# WORK INSTRUCTION
Leave out the pictures and restate the rest of the data exactly.

-- MATERIAL PROVIDED follows --

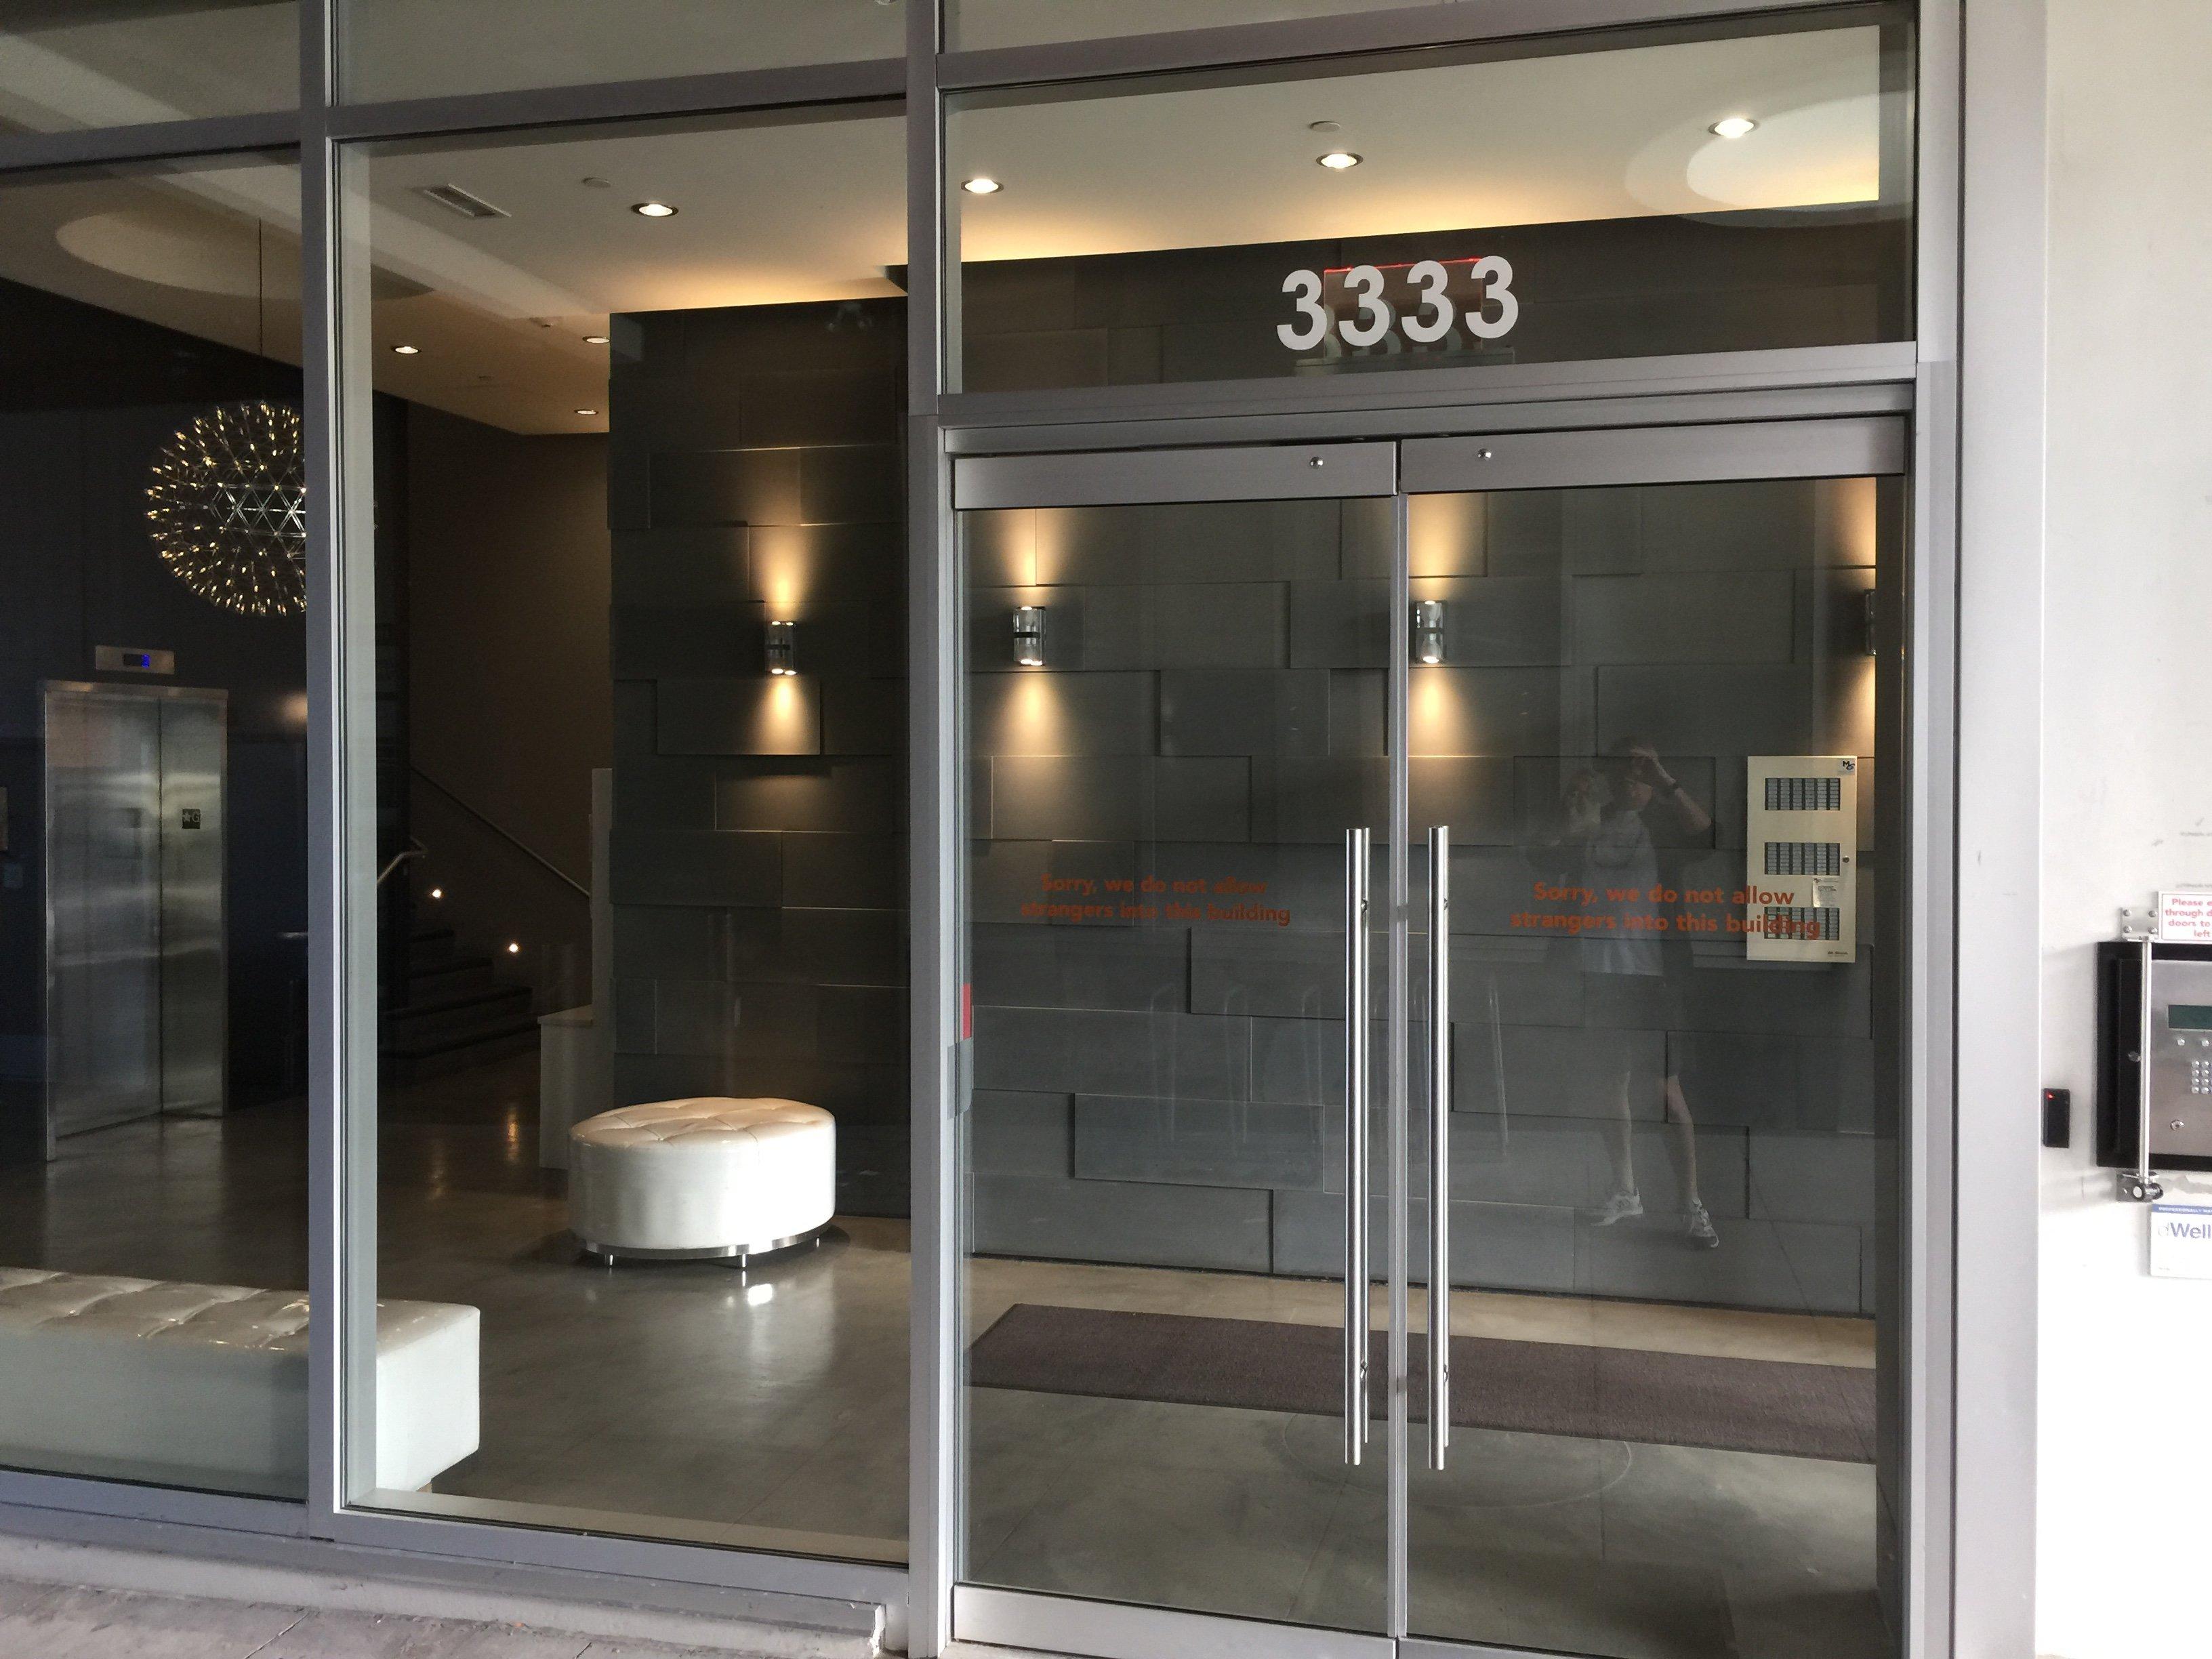 3333Main Entrance!
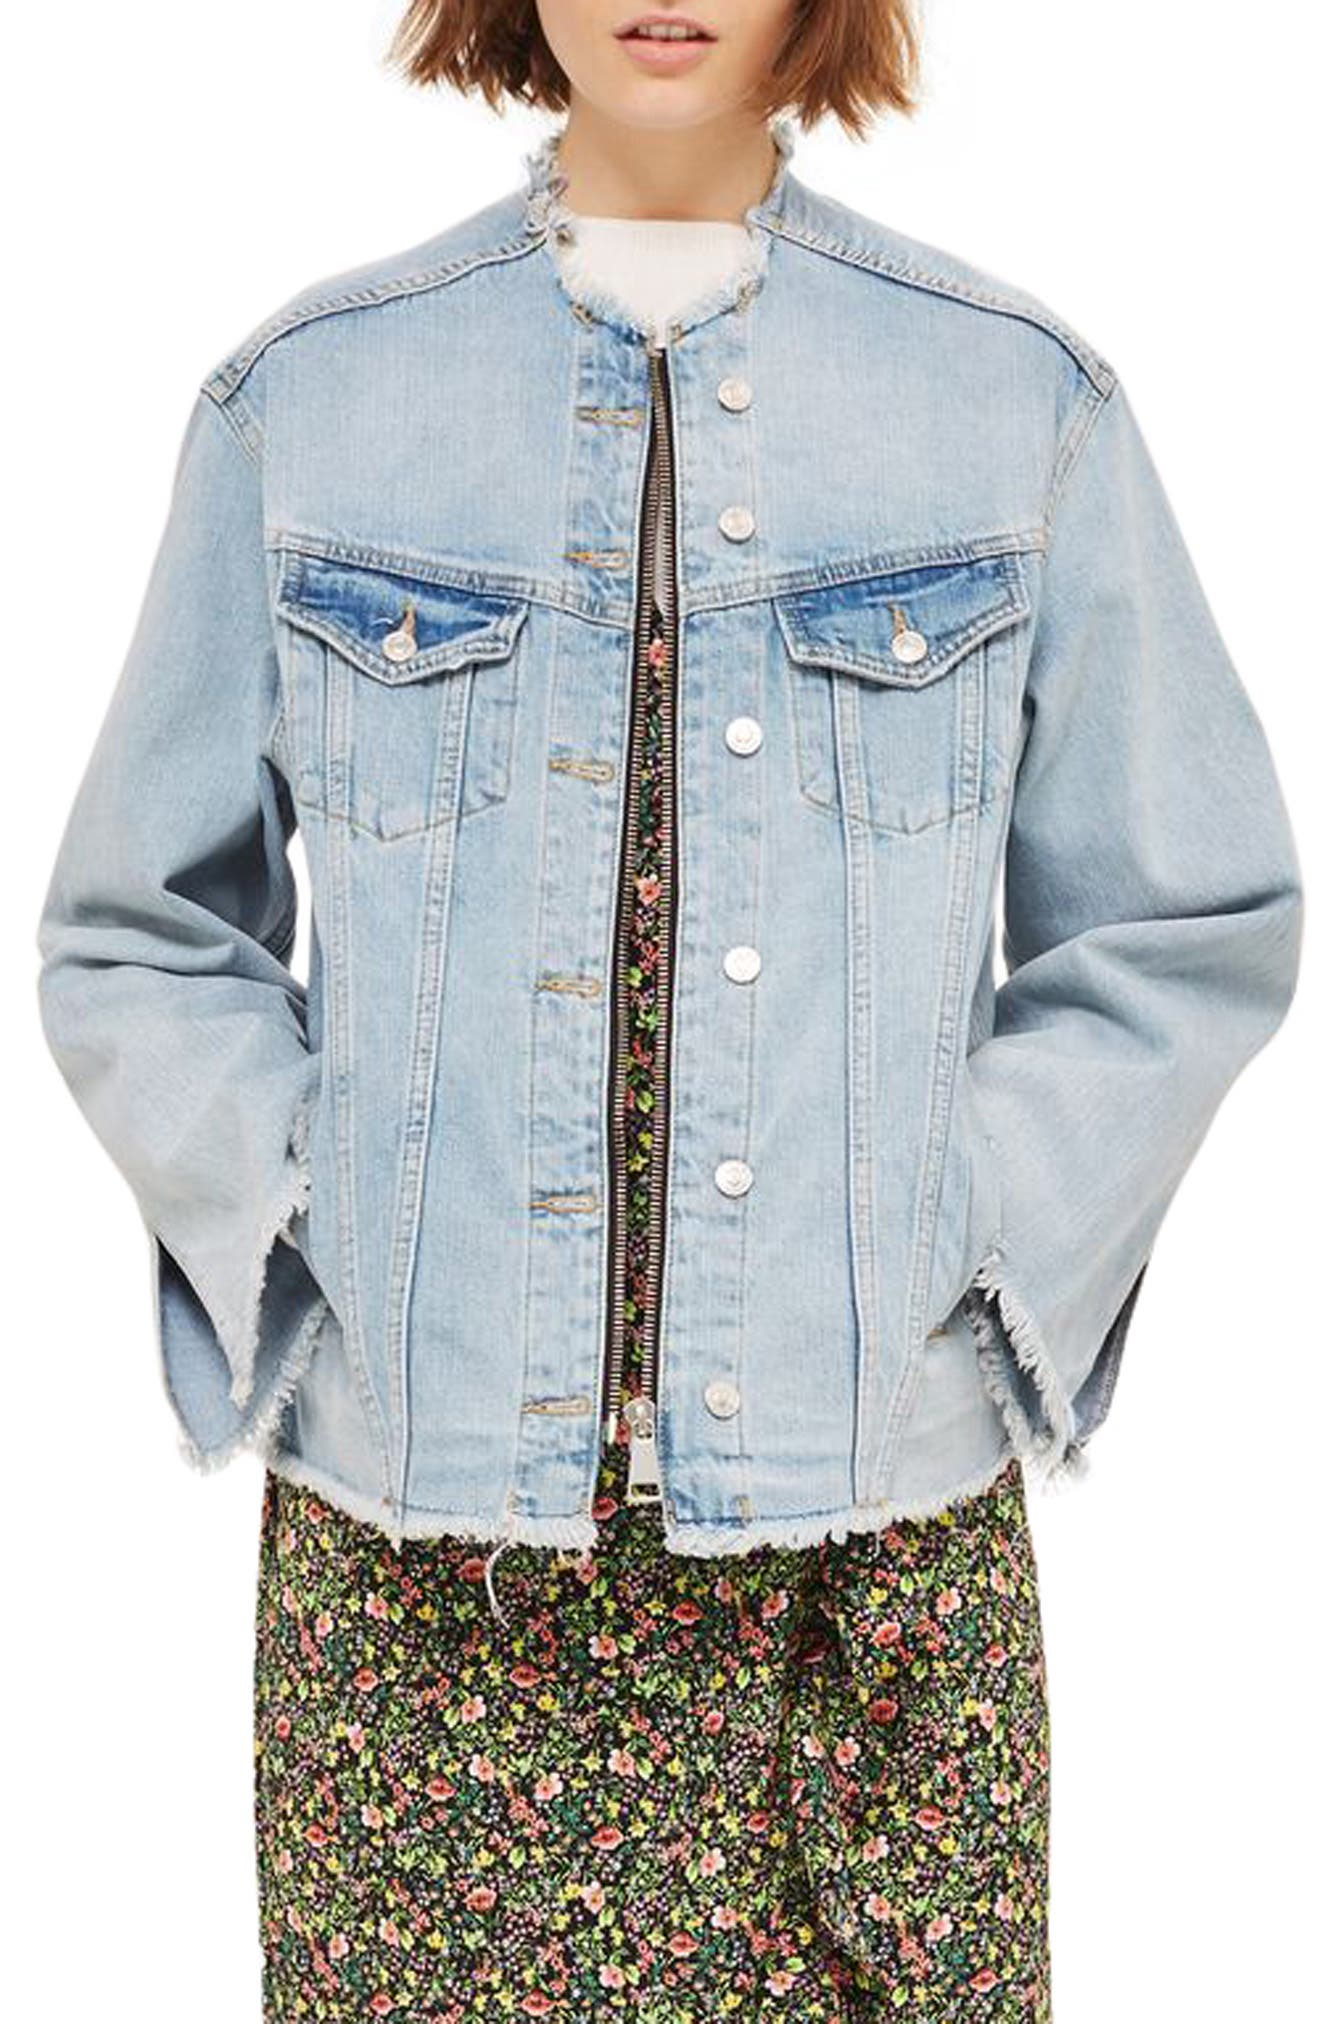 Alternate Image 1 Selected - Topshop Zip Through Denim Jacket
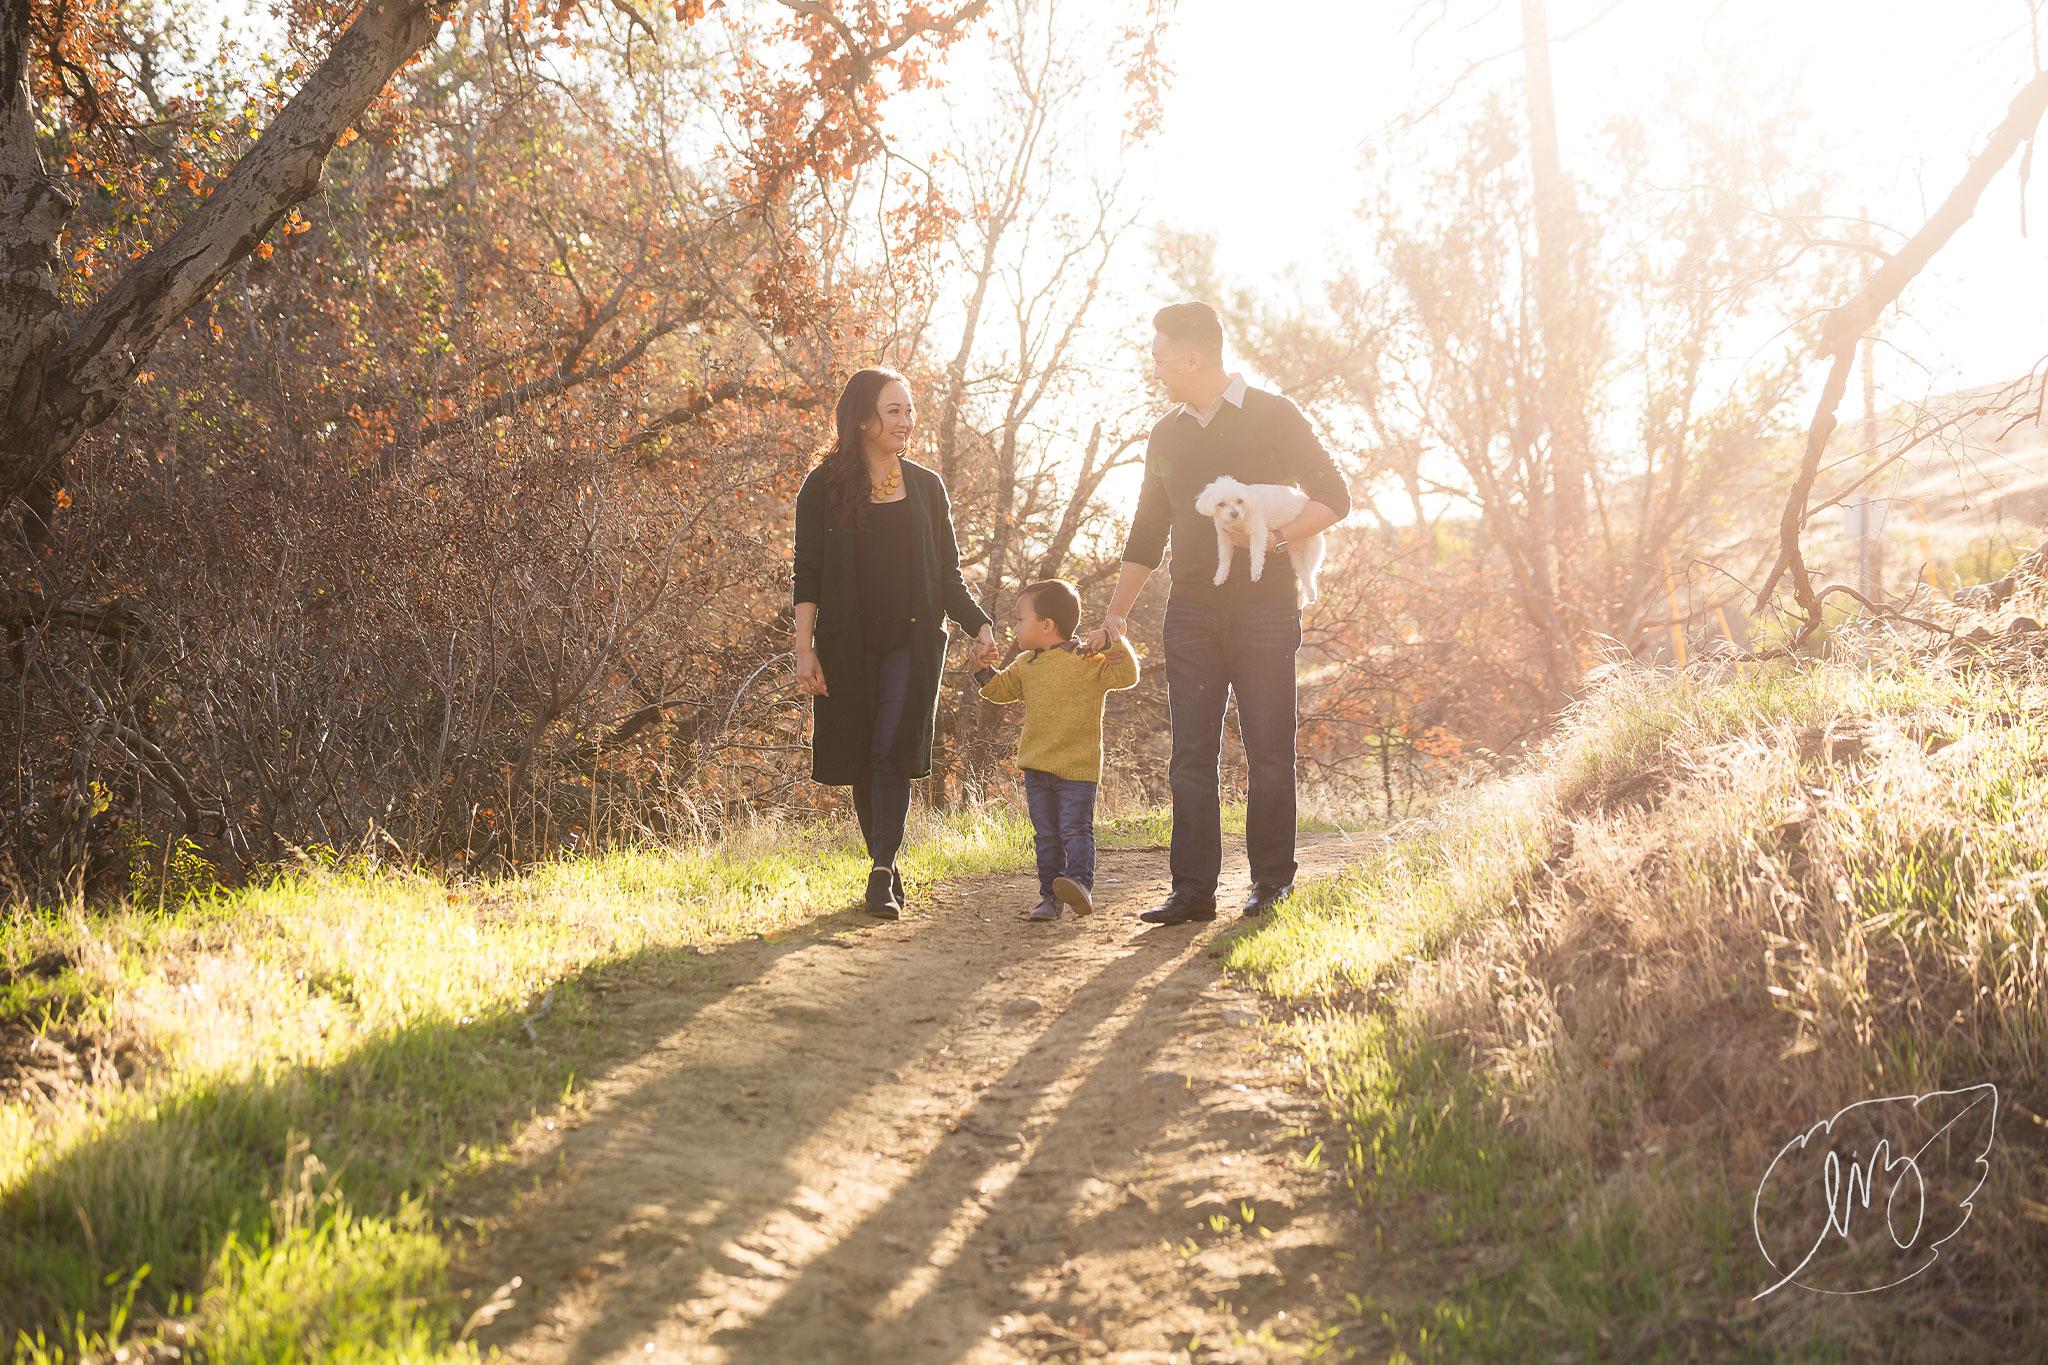 California_Inland_Empire_Family_Photographer_01.jpg

-- MATERIAL PROVIDED concluded --

# EXPECTED ANSWER
 3333Main Entrance!
 Alternate Image 1 Selected - Topshop Zip Through Denim Jacket
 California_Inland_Empire_Family_Photographer_01.jpg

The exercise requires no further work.